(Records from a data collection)
———

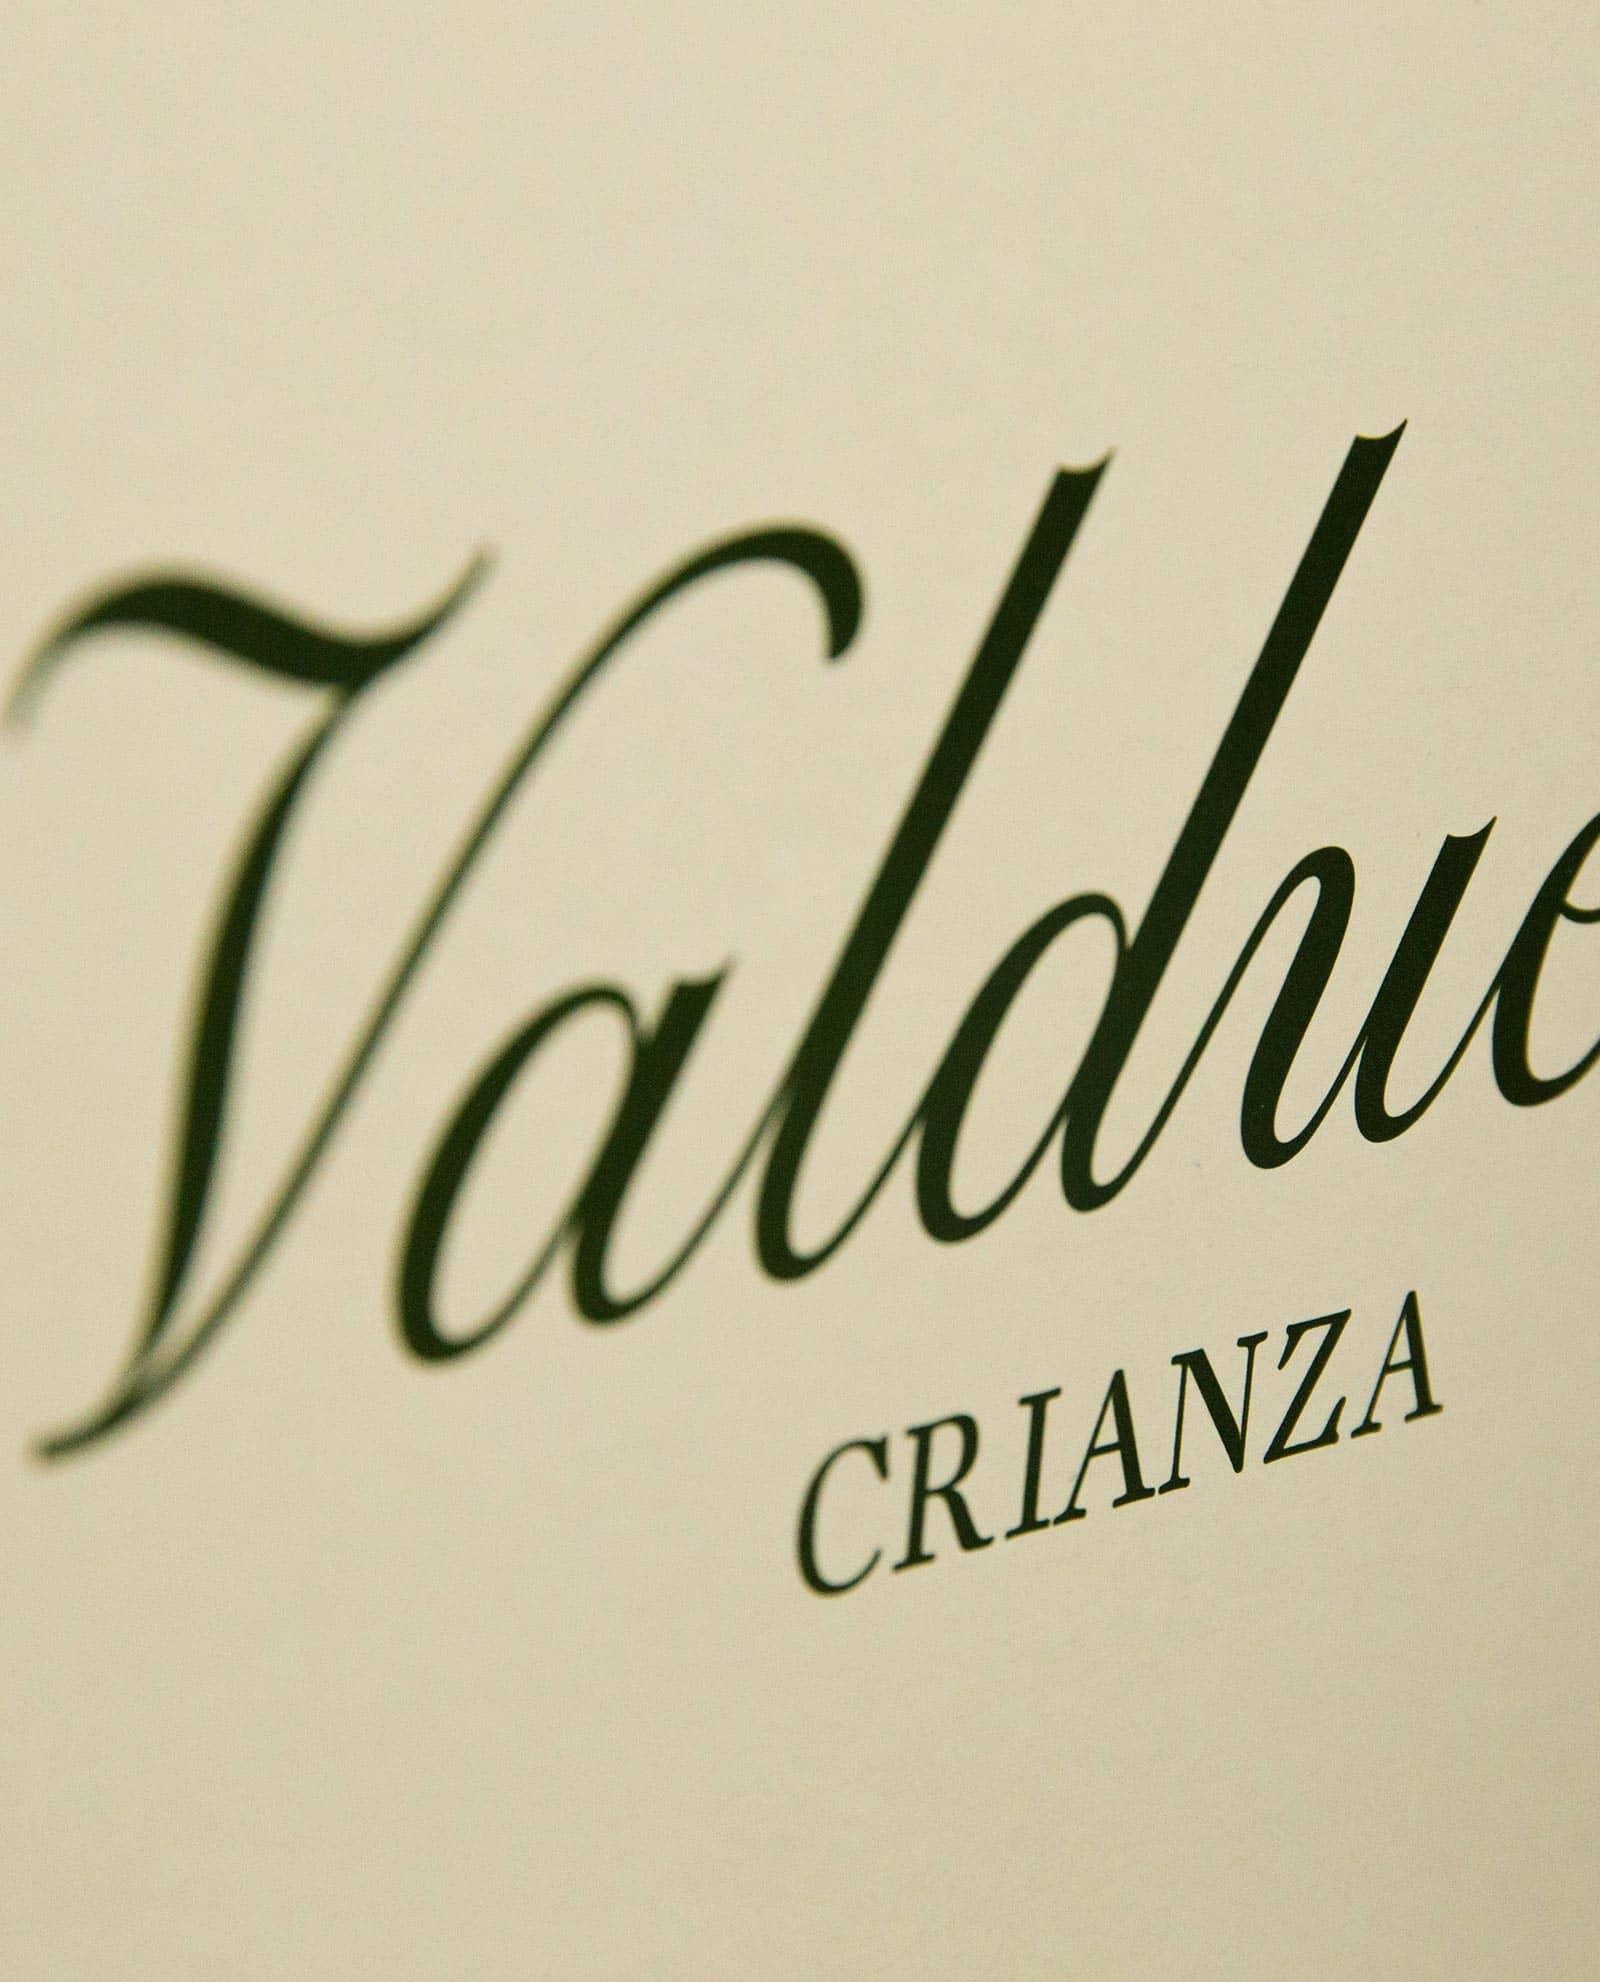 Detalle caja de 6 botellas de Valduero Crianza
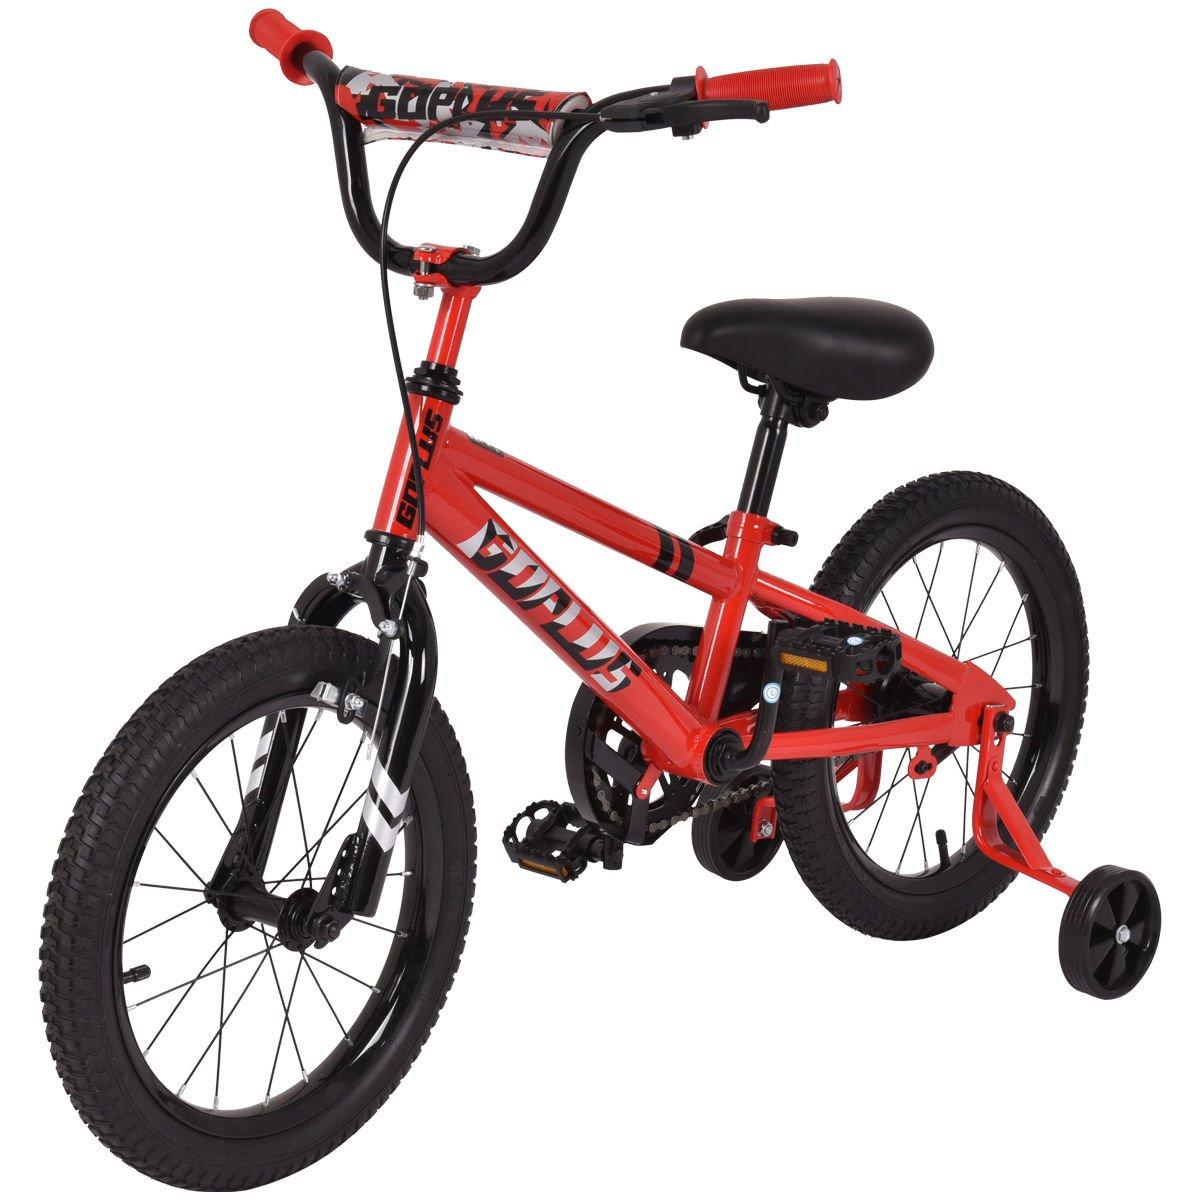 Goplus 16'' Kids Bike Bicycle, Boy's Bike and Girl's Bike w/Training Wheels, Toddler Ride, Gifts for Children (Red)
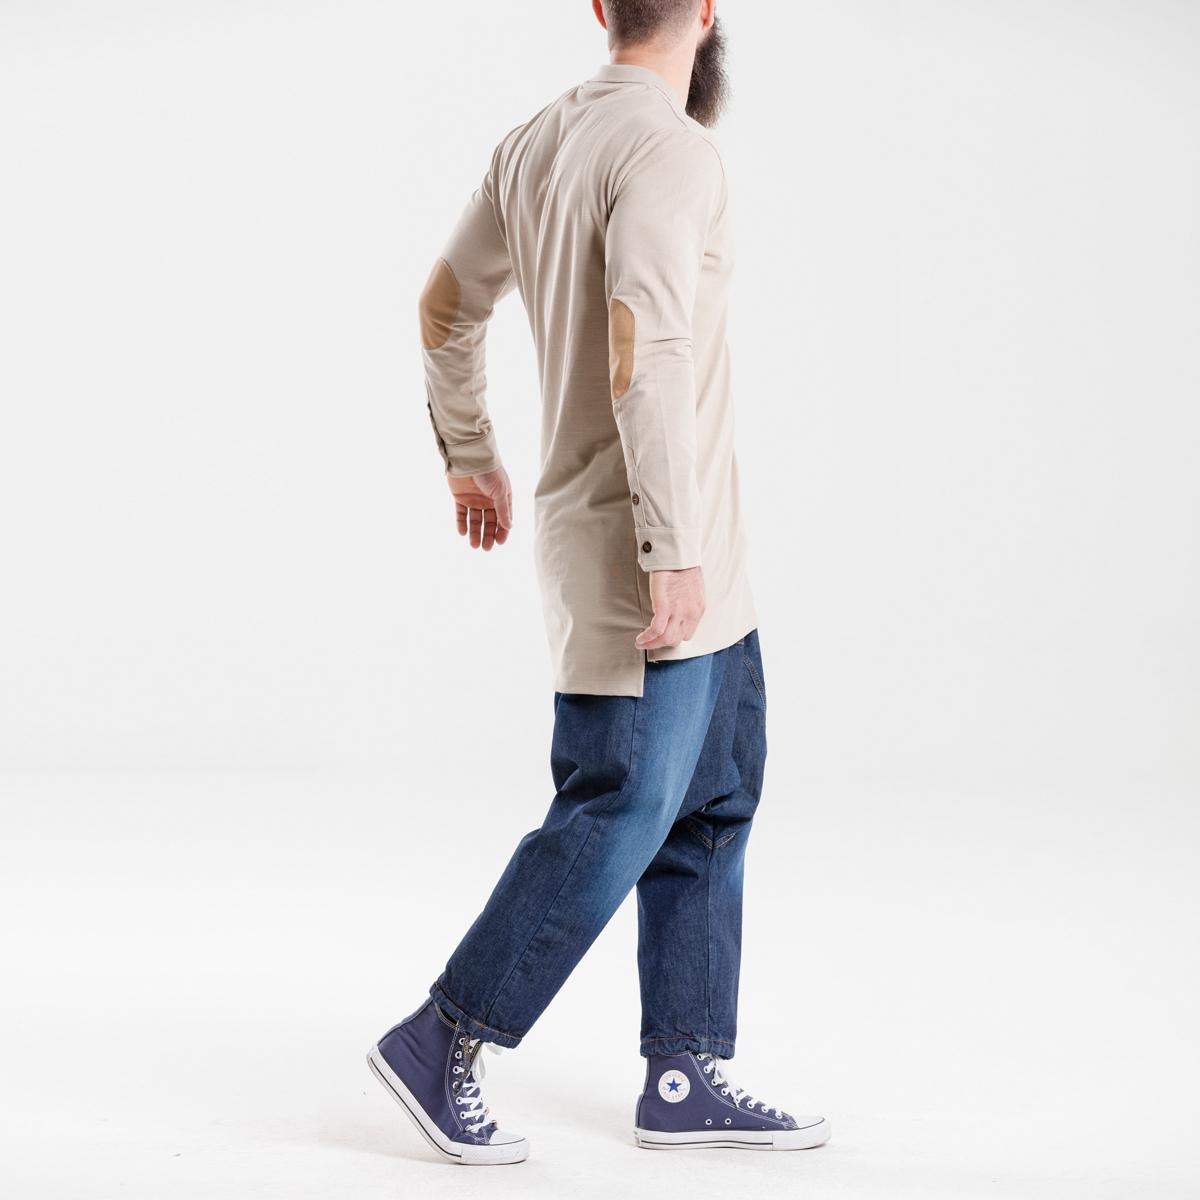 saroual jeans evo blue used dcjeans ensemble profil
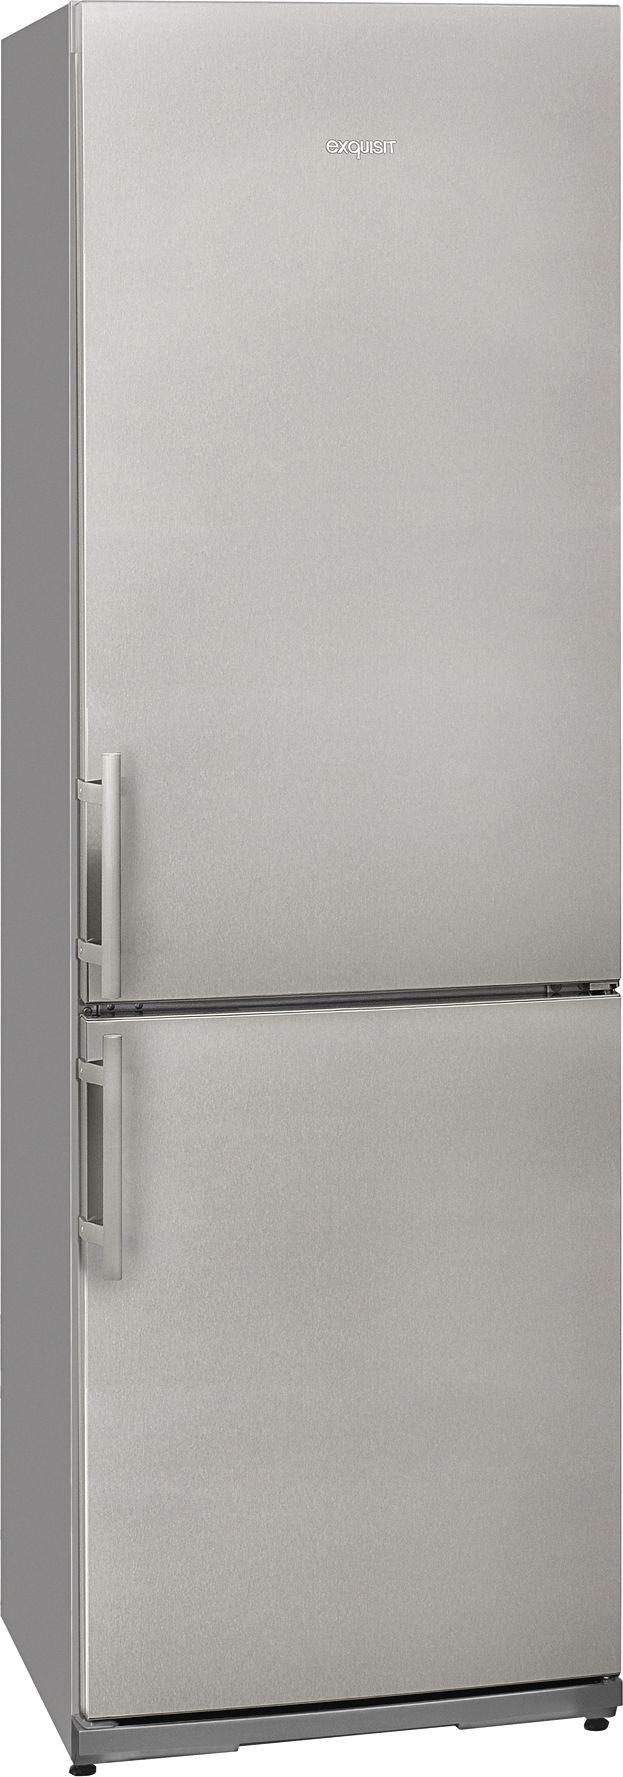 teamsix kgc 35 1a stg inox look exquisit gro ger te combinati frigo congelatore. Black Bedroom Furniture Sets. Home Design Ideas
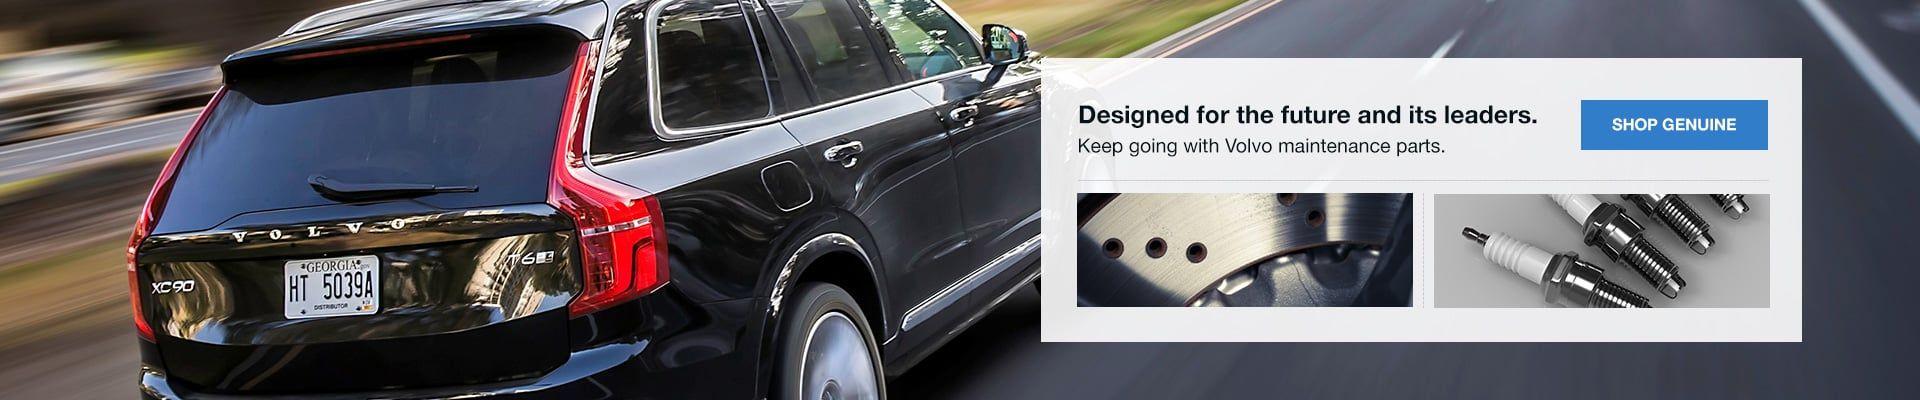 Volvo Maintenance Parts
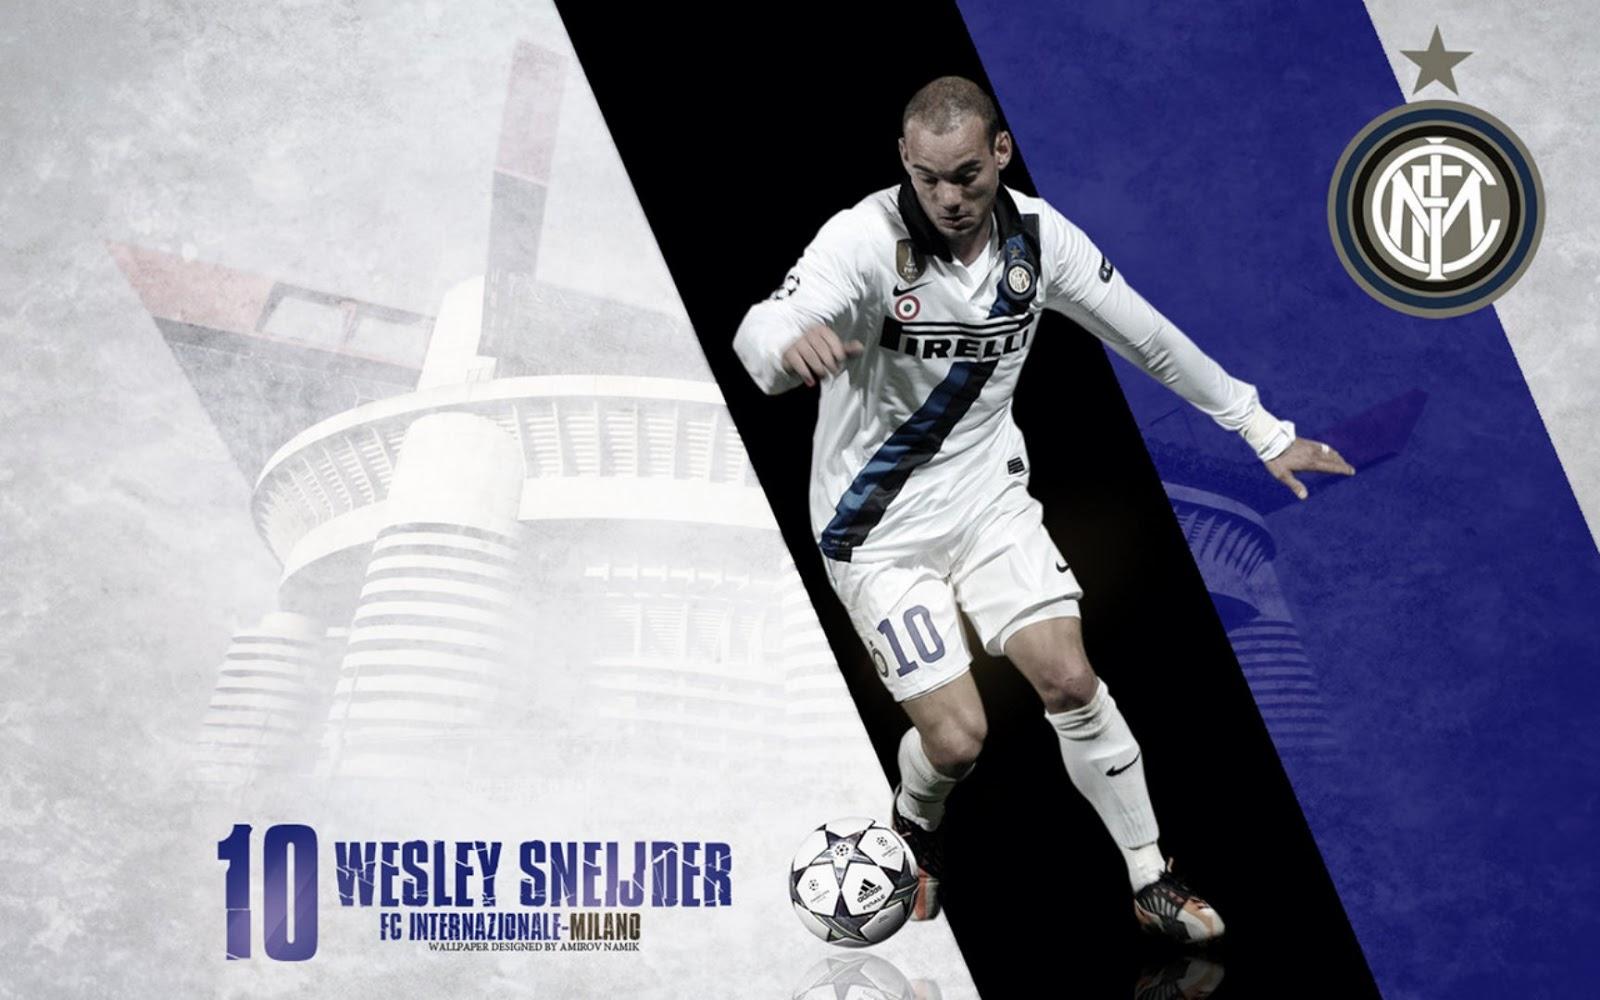 wesley+sneijder+galatasaray+resimleri+rooteto+15 Wesley Sneijder Galatasaray HD Resimleri

———

Try it = Exactly the lines from the start of the entries above through the line with "teamsix kgc 35" should be reproduced, and nothing else; drop the pictures.

Response area =
 Detalle caja de 6 botellas de Valduero Crianza
 Goplus 16'' Kids Bike Bicycle, Boy's Bike and Girl's Bike w/Training Wheels, Toddler Ride, Gifts for Children (Red)
 saroual jeans evo blue used dcjeans ensemble profil
 teamsix kgc 35 1a stg inox look exquisit gro ger te combinati frigo congelatore. Black Bedroom Furniture Sets. Home Design Ideas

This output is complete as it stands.